All of the intermediate files required to run the pipeline will be stored in the work/ directory by default. As /project directories have a limited quota, it is recommended to store raw data in /project and use Nextflow’s -work-dir parameter to place intermediate files in a /90daydata directory instead, e.g.

nextflow run nf-core/mag -profile ceres,test -w /90daydata/shared/$USER/.nextflow/work

Storage in /90daydata does not count against your account, but it is deleted 90 days after creation, giving an effective short-term cache for intermediate files in case you wish to re-run a pipeline. All of the main output files will be saved to the directory you specify with --outdir.

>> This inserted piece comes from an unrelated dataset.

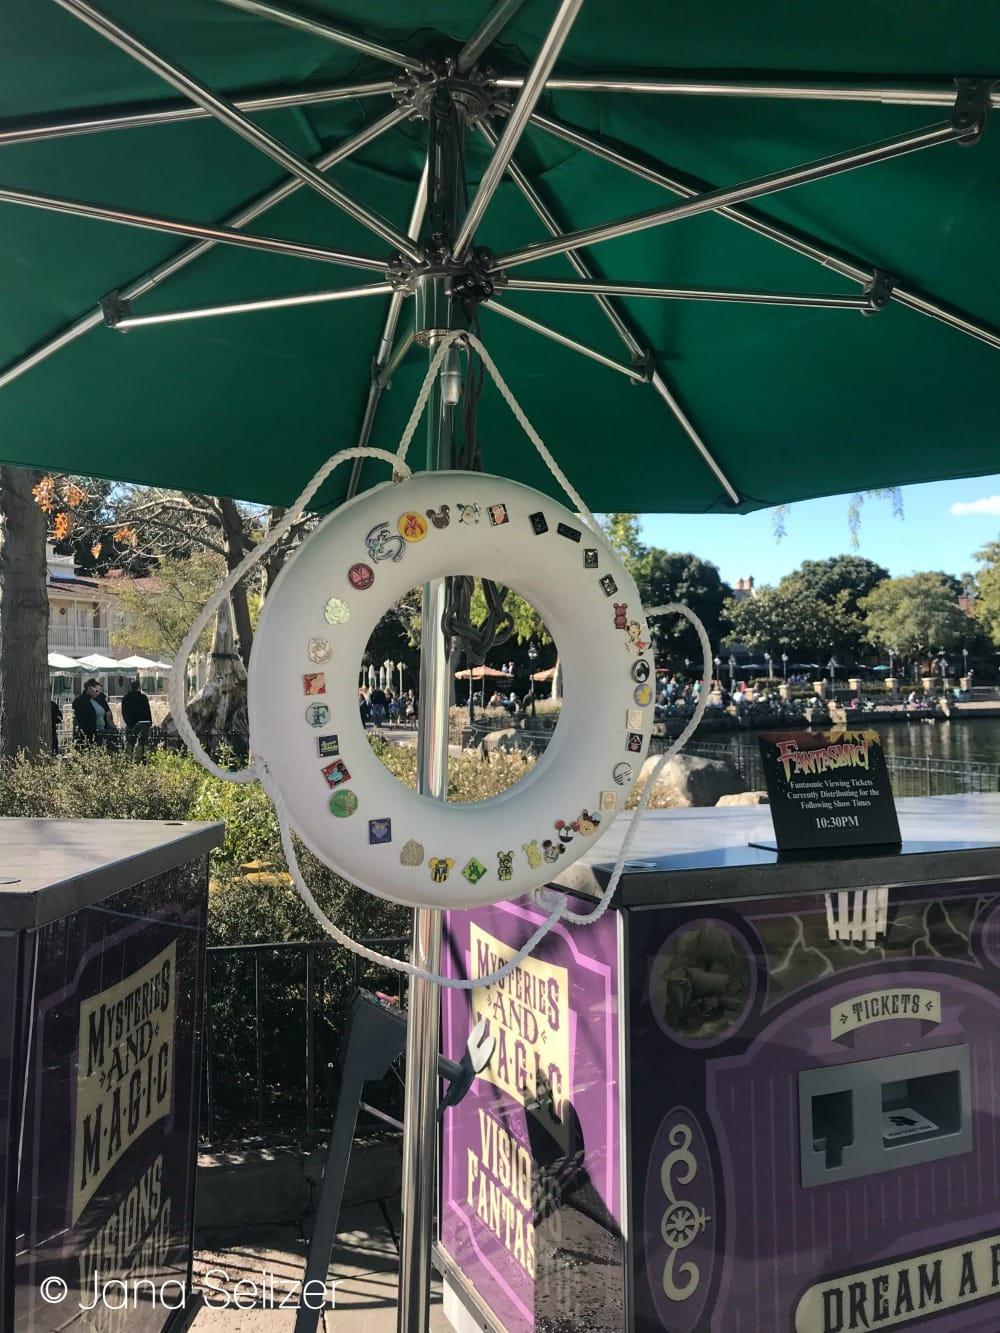 Disney Pin Trading Board at the Riverboat

NB: Nextflow will need to submit the jobs via SLURM to the HPC cluster and as such the commands above will have to be executed on one of the login nodes. If in doubt, contact VRSC.

Config file

See config file on GitHub

params {
    config_profile_description = 'USDA ARS SCINet Ceres Cluster profile'
    config_profile_contact = 'Thomas A. Christensen II (@MillironX)'
    config_profile_url = 'https://scinet.usda.gov/guide/ceres/'

    max_memory = 640.GB
    max_cpus = 36
    max_time = 60.d
}

singularity {
    enabled = true
    autoMounts = true
}

process {
    resourceLimits = [
        memory: 640.GB,
        cpus: 36,
        time: 60.d
    ]
    executor = 'slurm'
    scratch = true
    queue = {
        switch (task.memory) {
            case { it >= 216.GB }:
                switch (task.time) {
                    case { it >= 7.d }:
                        return 'longmem'
                    default:
                        return 'mem'
                }
            default:
                switch (task.time) {
                    case { it >= 21.d }:
                        return 'long60'
                    case { it >= 7.d }:
                        return 'long'
                    case { it >= 48.h }:
                        return 'medium'
                    default:
                        return 'short'
                }
        }
    }
}